Can i do the diversity analysis with taxonomic data from another software?

Fernanda_Costa · September 28, 2018, 2:12pm

Hello all,

I'm trying to do the diversity analysis on QIIME2 with data that came from another software. The problem is that I only have the data (identification of OTUs) in fasta format, like this:

>Sinningia.schiffneri.SS.799F::M01522:107:000000000-AW0BC:1:2104:16569:2530 1:N:0:AGTCAA
GTAGTCCATGCCGTAAACGATGAGTGTTCGCCCTTGGTCTACGCGGATCAGGGGCCCAGCTAACGCGTGAAACACTCCGCCTGGGGAGTACGGTCGCAAGACCGAAACTCAAAGGAATTGACGGGGGCCTGCACAAGCGGTG
GAGCATGTGGTTTAATTCGATACAACGCGCAAAACCTTACCAGCCCTTGACATATGAACAACAAAACCTGTCCTTAACGGGATGGTACTGACTTTCATACATGTGTTGCATGGATGTGGTCAGCTCGGGTCG
>Sinningia.magnifica.SM.799F::M01522:107:000000000-AW0BC:1:2103:8991:10744 1:N:0:AGTCAA
GTAGTCCATGCCGTAAACGATGAGTGTTCGCCCTTGGTCTACGCGGATCAGGGGCCCAGCTATCGCGTGAAACACTCCGCCTGGGGAGTACGGTCGCAAGACCGAAACTCAAAGGAATTGACGGGGGCCTGCACAAGCGGTG
GAGCACGTGGTTTAATTCGATACAACGCGCAAAACCTTACCAGCCCTTGACATATGAACAACAAAACCTGTCCTTAACGGGATGGTACTGACTTTCATACAGGTGTTGCATGGCTGTCGTCAGCTCGTGTCG

Is there a way to upload this data set result into a table format file (qza) to do the diversity analysis?

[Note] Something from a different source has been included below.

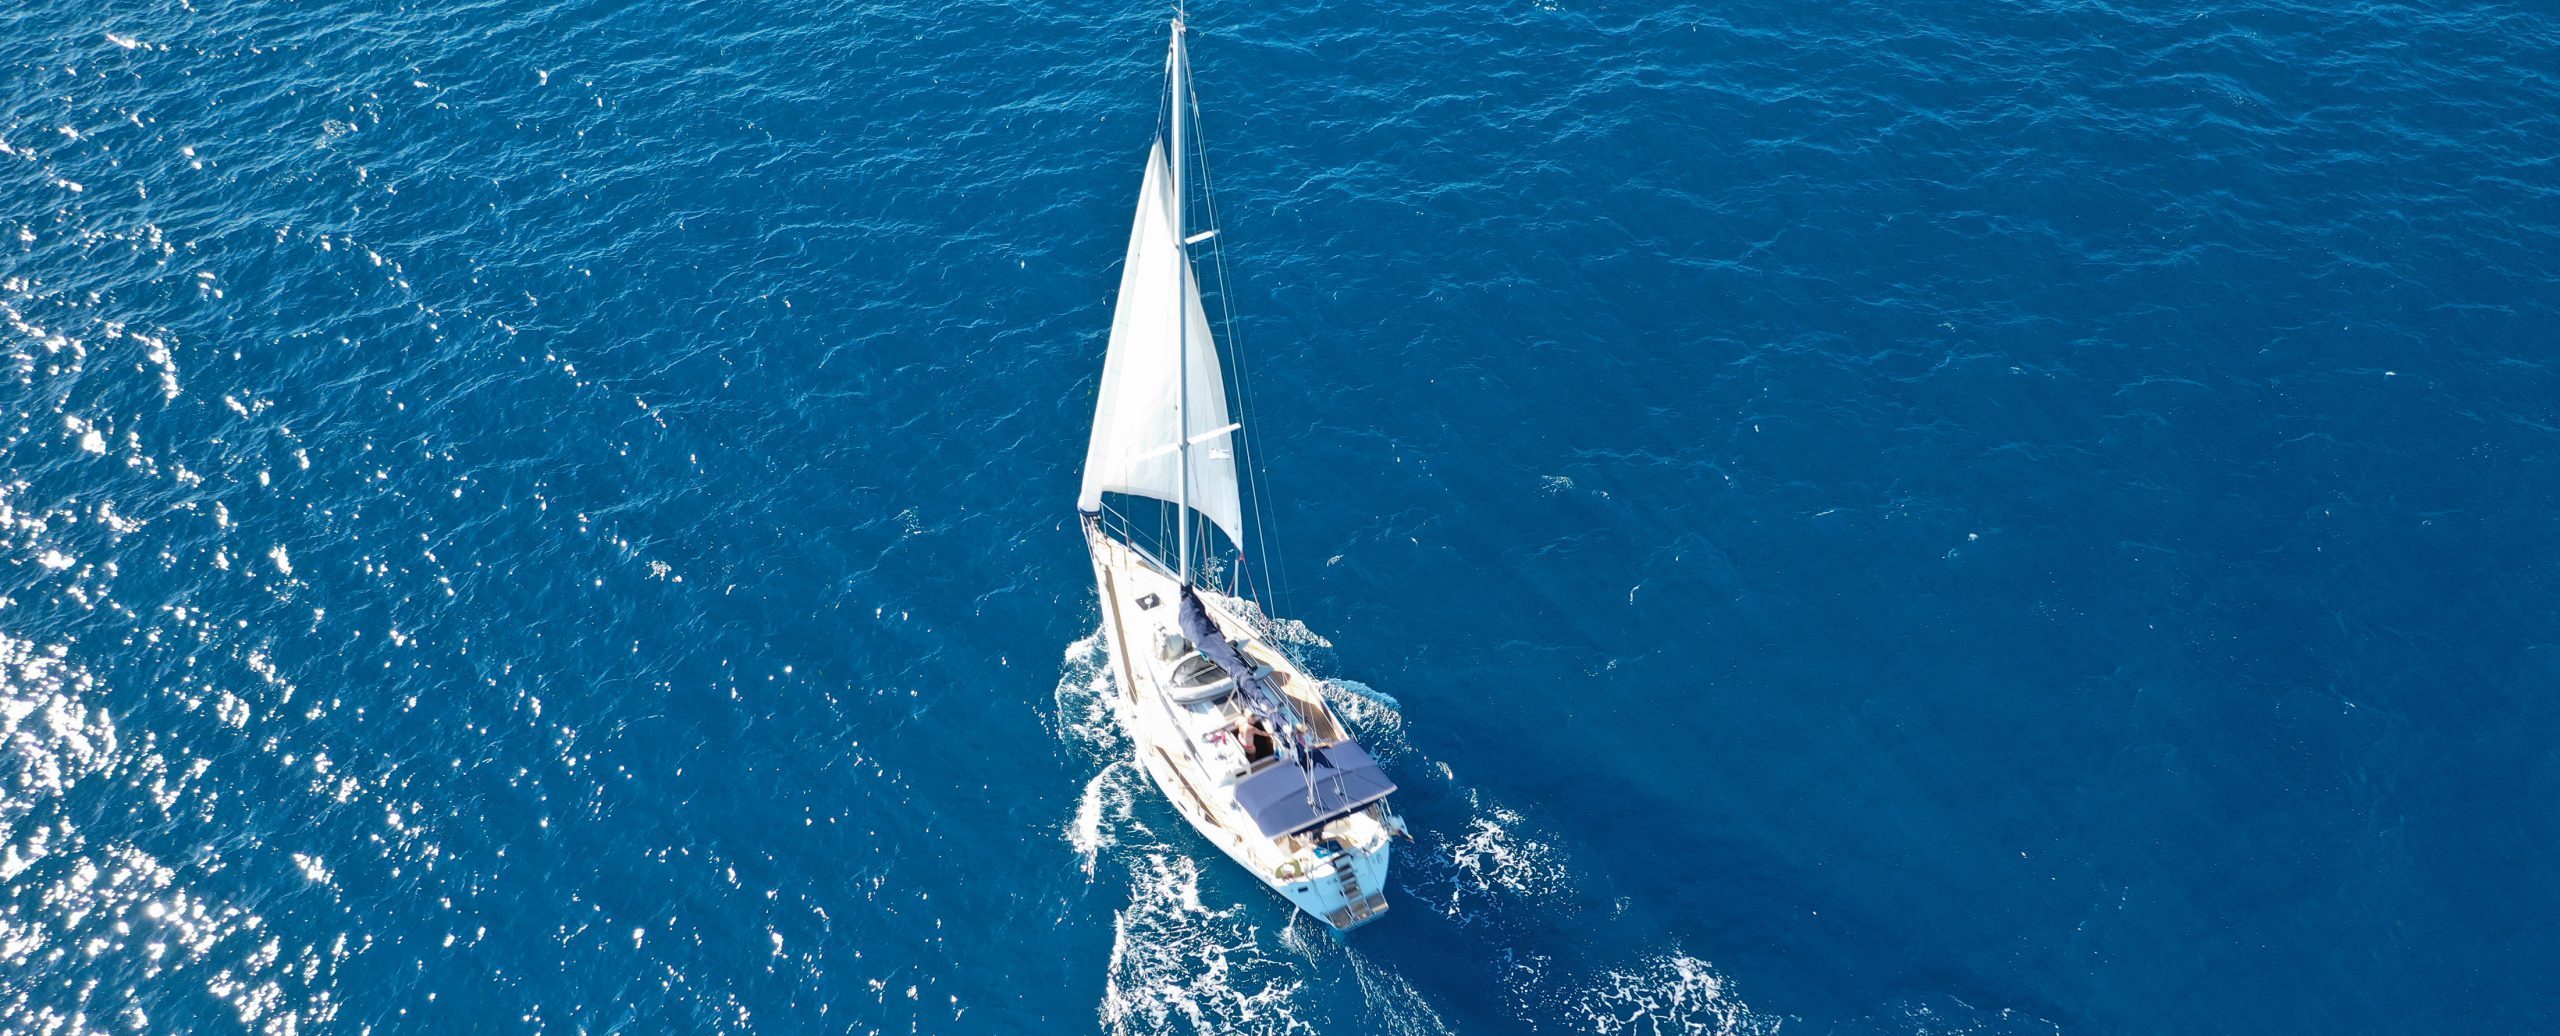 Sailing or Yachting in Greece. Arial Image of Elysium Yachting

Any help will be very welcome and appreciated!

Thank you all in advance,

Nicholas_Bokulich · September 28, 2018, 5:33pm

Hi @Fernanda_Costa,
Great question!

In general:

Yes, you can use taxonomic data from any other software in QIIME 2, provided it is formatted correctly.
Diversity analyses in QIIME 2 do not require taxonomy assignments. There is the option, of course, to collapse your features based on taxonomy and analyze taxonomic diversity (as opposed to, e.g., sequence diversity). Just want to clarify that taxonomy is not required.

Your data, however, have a few formatting issues:

Biggest issue: If you only have fasta data like this, you will not be able to use QIIME 2. It looks like your data are not yet demultiplexed, and the demultiplexing methods in QIIME 2 require fastq data. You should either get the raw data for demultiplexing in QIIME 2, or you should demultiplex your data with external software, then import to QIIME 2, probably following the instructions here... check out the information about qiime 1 demultiplexed format, you will need to get your data in that format.
your data do not yet fit the formatting requirements for taxonomy data to be uploaded to QIIME 2. Taxonomy files should look something like this:

id    taxonomy
f1    Sinningia schiffneri
f2    Sinningia schiffneri
f3    Sinningia magnifica

Since your sequences already have taxonomy assigned, you can use that information in QIIME 2 but you will need to reformat to get there. It should be fairly trivial to parse that information from the fasta, but the challenging part is figuring out what your feature IDs would be... this all depends on how you address the importing issues raised above.

What external software are you using? Is the taxonomy classification what matters most to you or are you using other methods, e.g., for data quality control? If it is only taxonomy, then honestly it would be far, far easier to just import fastq data into QIIME 2 and follow one of the typical workflows available, then export your data (as fasta) for taxonomy classification with this external method... then import those classifications to QIIME 2. As is, you have multiple format incompatibility issues (multiplexed fasta data, taxonomy IDs in the fasta header lines) that are not insurmountable but would probably be more difficult to sort out than the workaround I propose.

Let us know how we can help!

Fernanda_Costa · October 1, 2018, 1:40pm

Thank you very much for your reply!

And yes, i just got the fastq files from that data and will do as you suggest: do the whole QIIME2 workflow till i get to the diversity analysis.

Thank you again and have a great week.

Cordially,

system · November 1, 2018, 7:51pm

This topic was automatically closed 31 days after the last reply. New replies are no longer allowed.